» YOUR ASSIGNMENT
Reproduce the entire listing exactly. Leave the pictures out.

» INFORMATION PROVIDED
****************
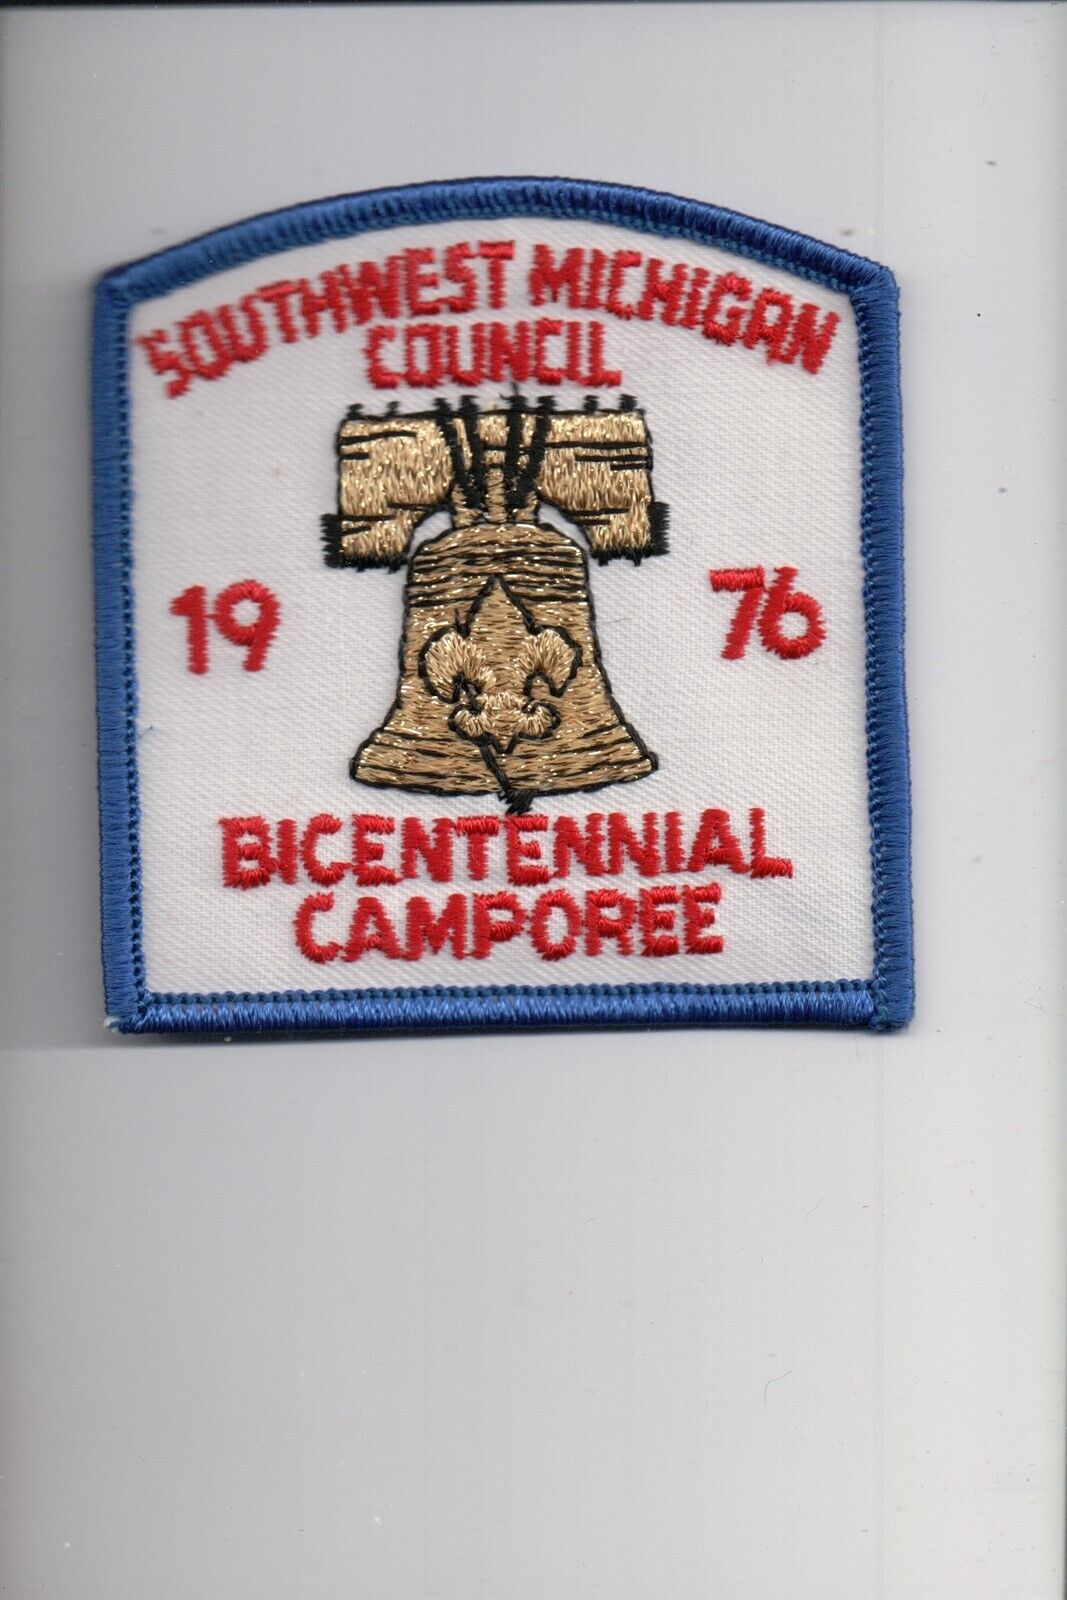 1976 Southwest Mchigan Council Bicentennial Camporee patch
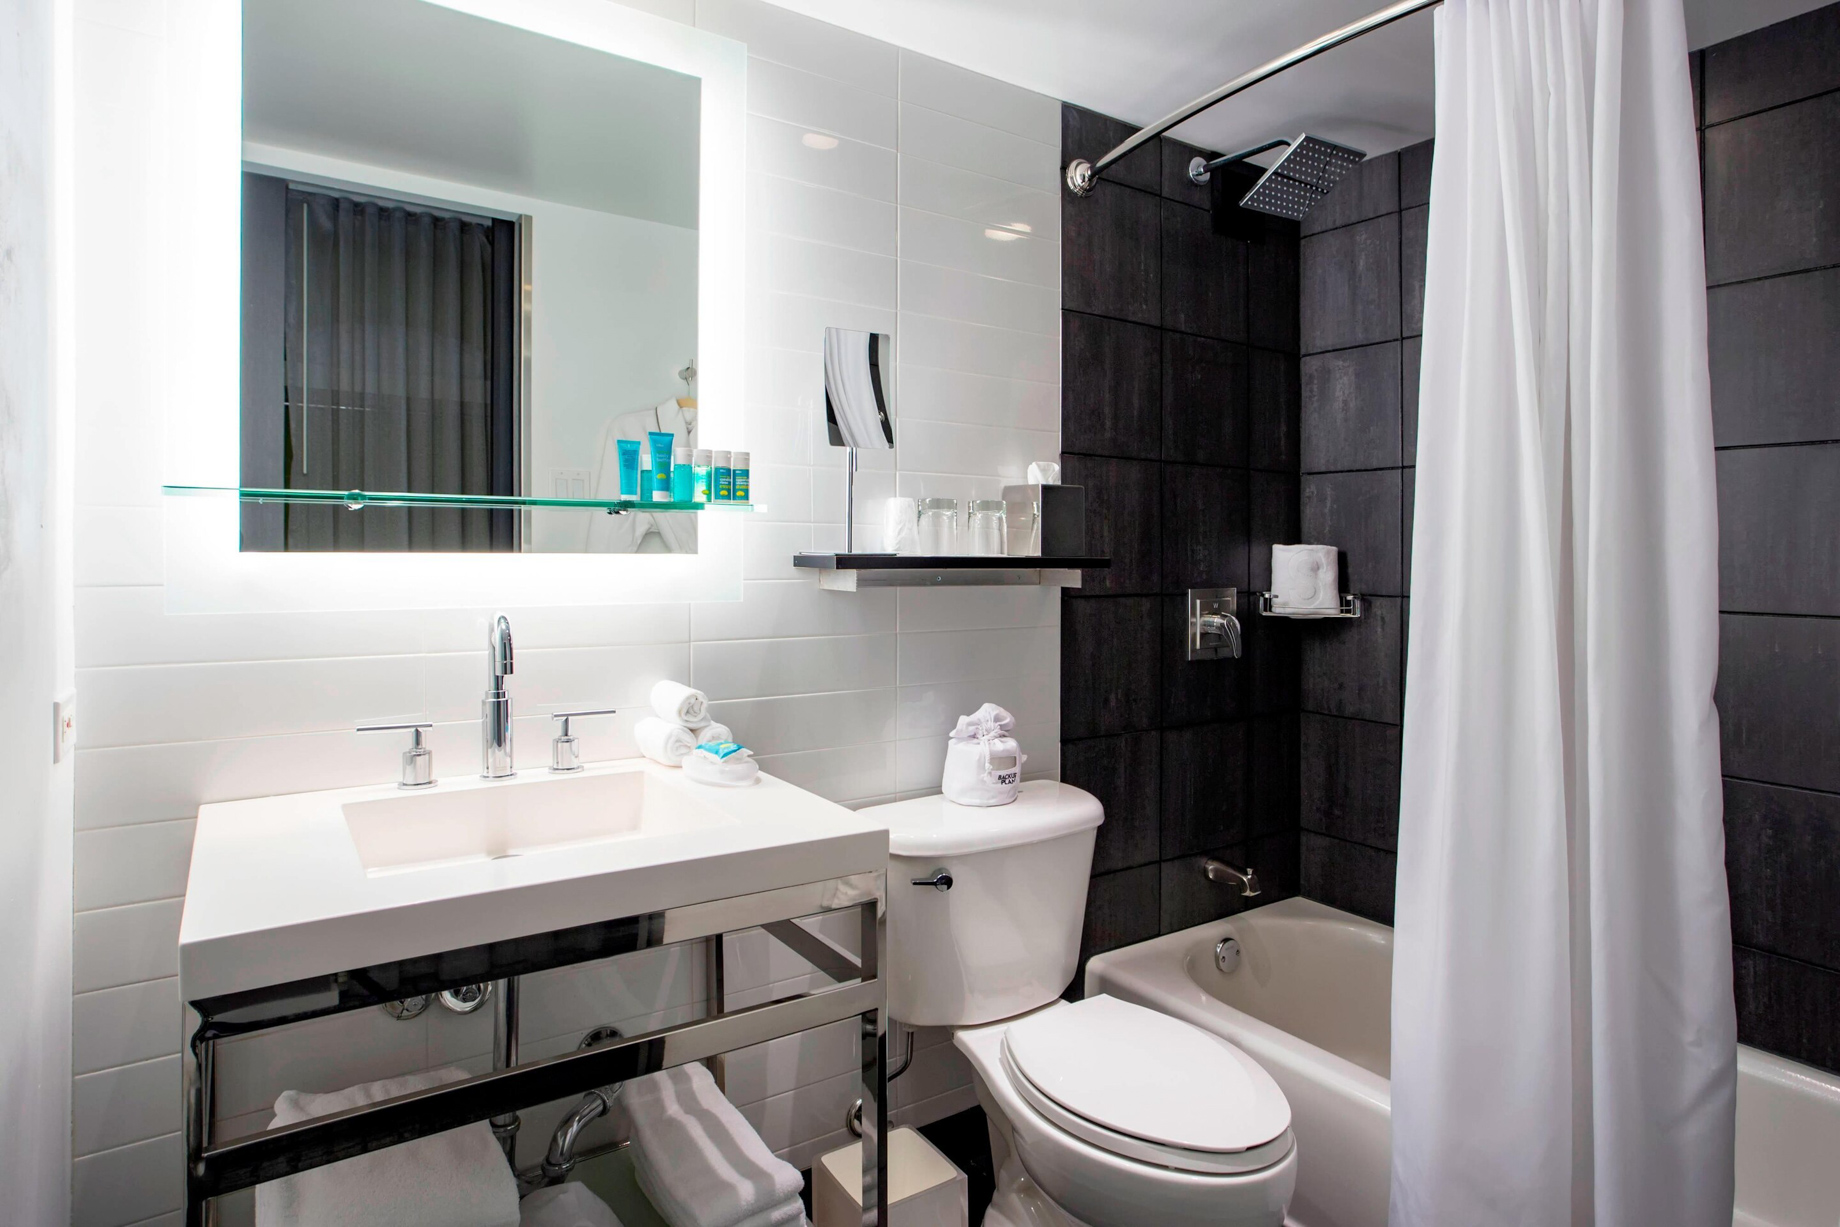 W Chicago Lakeshore Hotel - Chicago, IL, USA - Wonderful Guest Bathroom Vanity
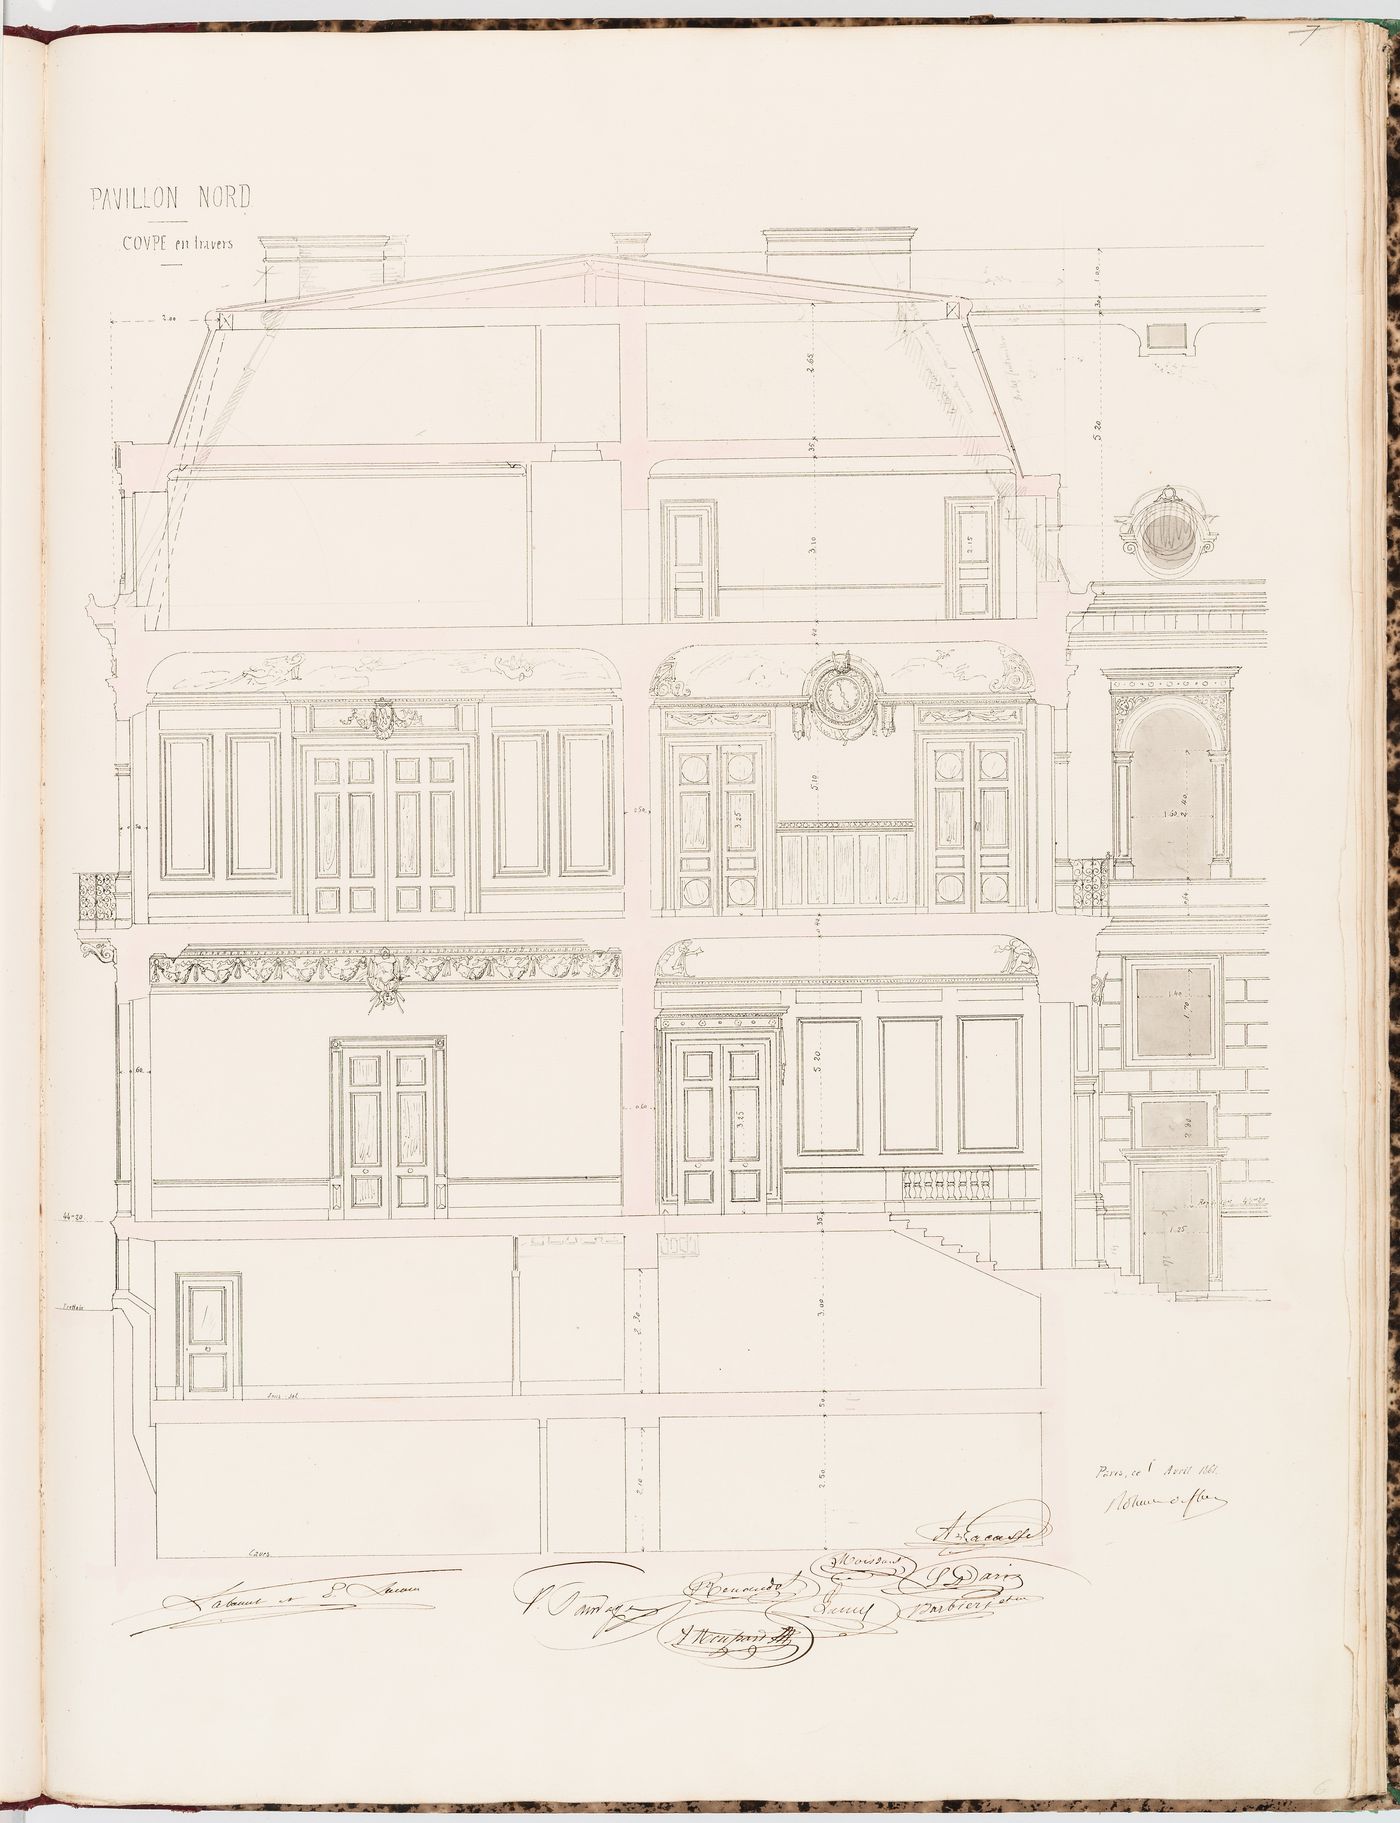 Cross section through the "pavillon nord", including a partial elevation for the entrance façade, Hôtel Sauvage, Paris
****************
» OUTPUT FOR THIS TASK
 1976 Southwest Mchigan Council Bicentennial Camporee patch
 W Chicago Lakeshore Hotel - Chicago, IL, USA - Wonderful Guest Bathroom Vanity
 Cross section through the "pavillon nord", including a partial elevation for the entrance façade, Hôtel Sauvage, Paris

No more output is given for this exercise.